Let us create a NHANES (sub)-dataset without duplicated IDs and only adults and select the Height variable:

NHANES_adult <-
  NHANES %>%
  distinct(ID, .keep_all = TRUE) %>%
  filter(Age >= 18) %>%
  select(Height) %>%
  drop_na(Height)
NHANES_adult

ABCDEFGHIJ0123456789

Height <dbl>
164.7
168.4
166.7
169.5
181.9
169.4
148.1
177.8
181.3
169.9

An “Assumed” Population

Normally, we very rarely have access to a population.
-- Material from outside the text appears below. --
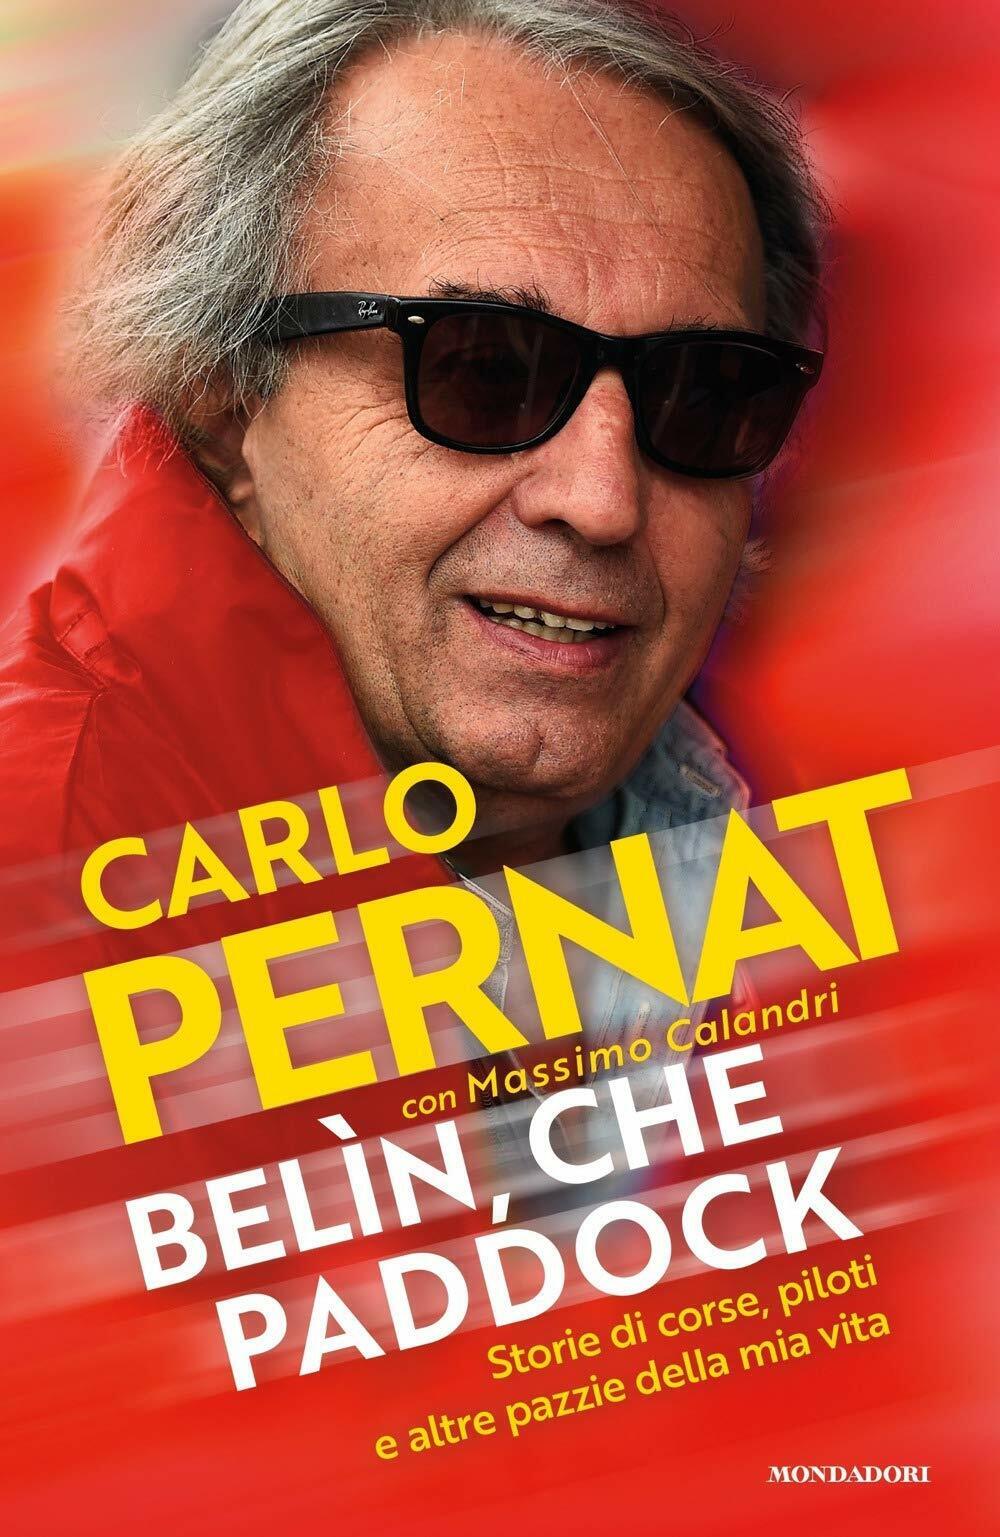 Bel?n, che paddock - Carlo Pernat, Massimo Calandri - Mondadori, 2019

All we can do is sample it. However, for now, and in order to build up our intuition, we will treat this single-variable dataset as our Population. So this is our population, with appropriate population parameters such as pop_mean, and pop_sd.

Let us calculate the population parameters for the Height data from our “assumed” population:

# NHANES_adult is assumed population
pop_mean <- mosaic::mean(~Height, data = NHANES_adult)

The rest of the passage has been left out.